Dataset extract —
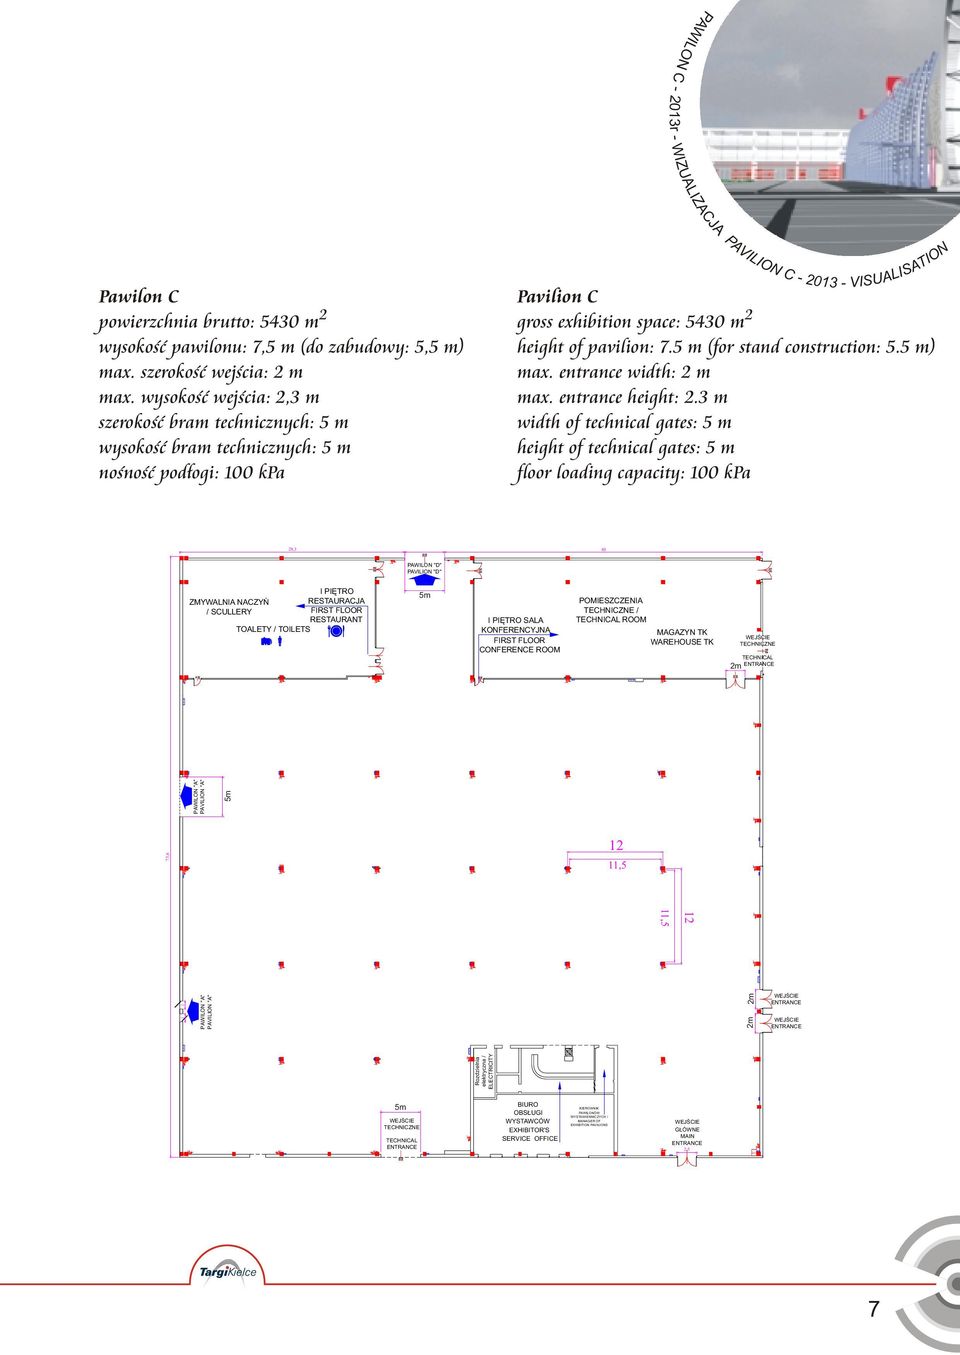 pavilion: 7.5 m (for stand construction: 5.5 m) max. entrance width: m max. entrance height:.
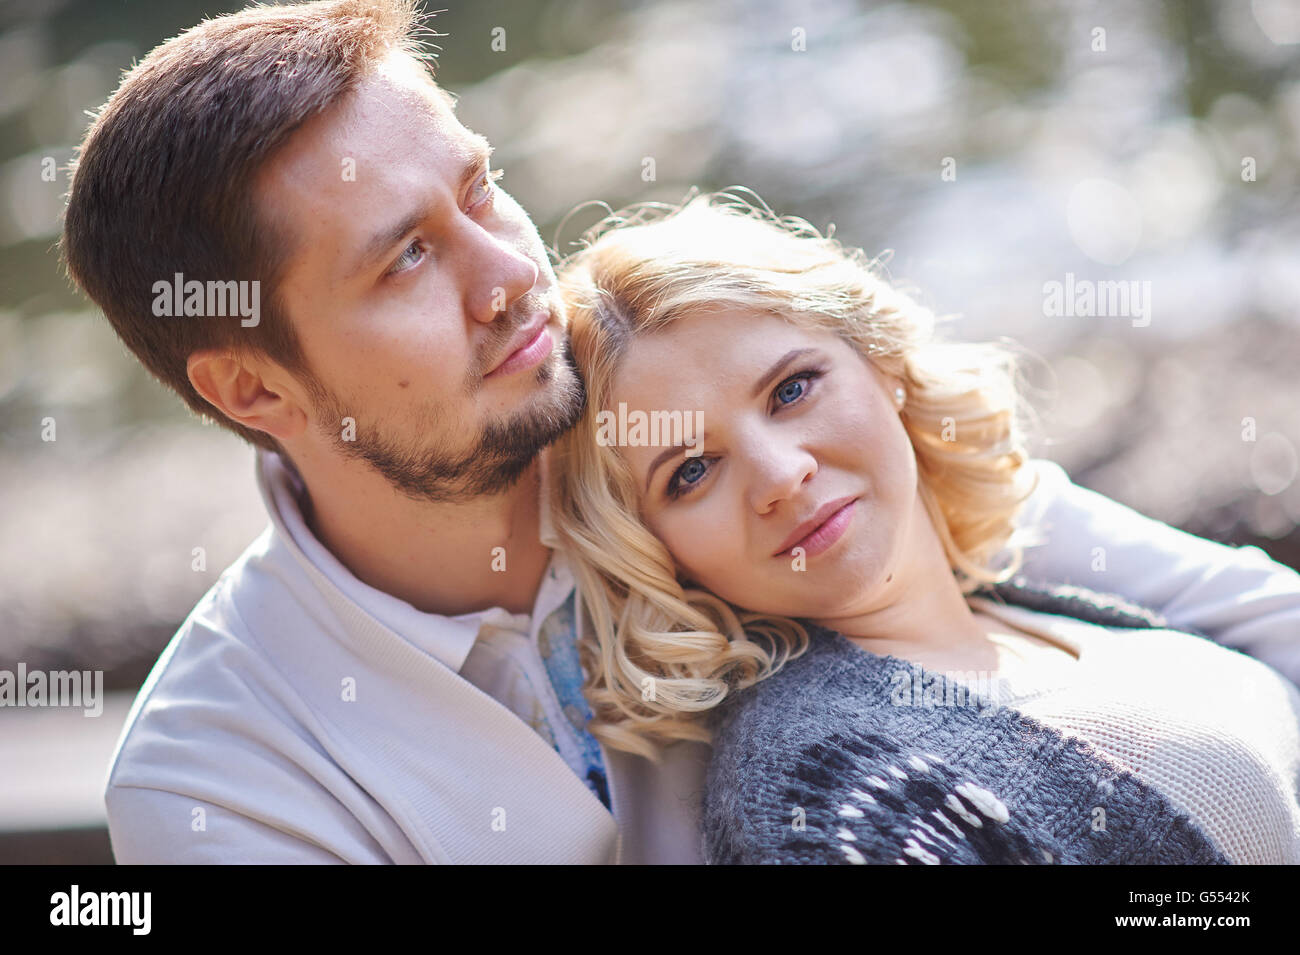 Close up portrait of happy smiling couple in love Stock Photo
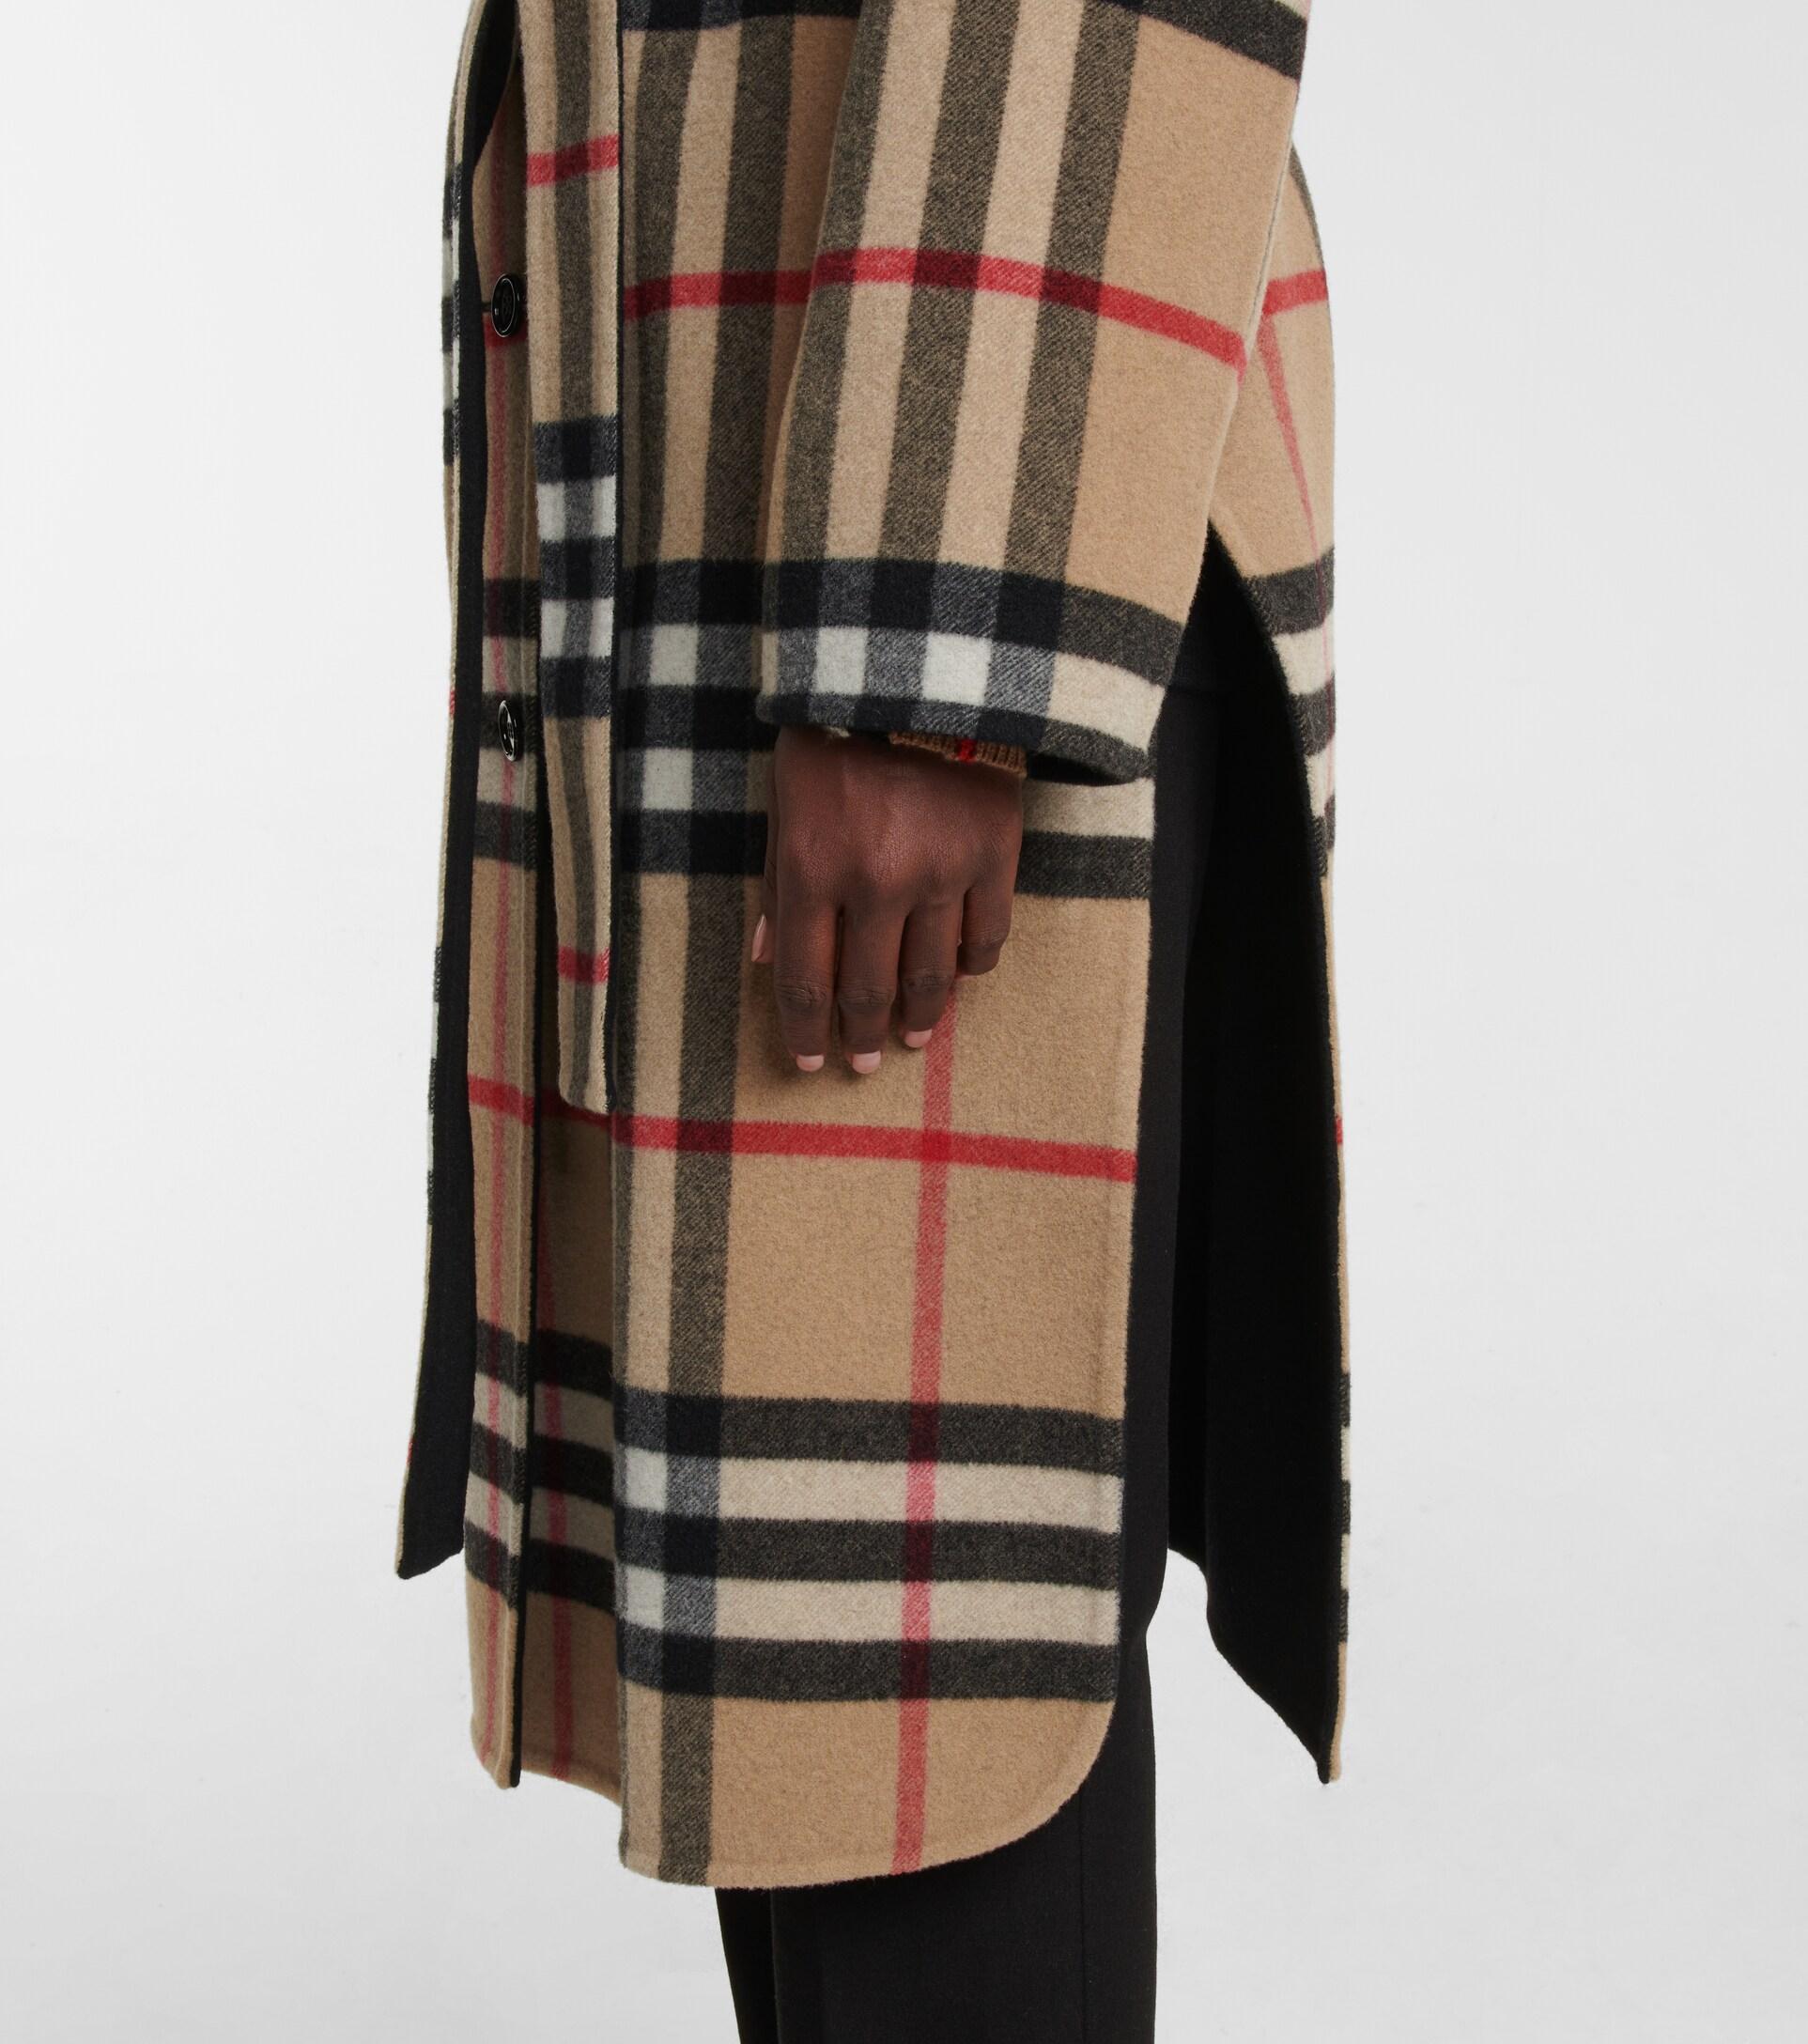 Burberry Vintage Check Reversible Wool Coat in Natural | Lyst

Requirement — Return the listing above verbatim and exclude every picture.

Answer to the problem —
 pavilion: 7.5 m (for stand construction: 5.5 m) max. entrance width: m max. entrance height:.
 Close up portrait of happy smiling couple in love Stock Photo
 Burberry Vintage Check Reversible Wool Coat in Natural | Lyst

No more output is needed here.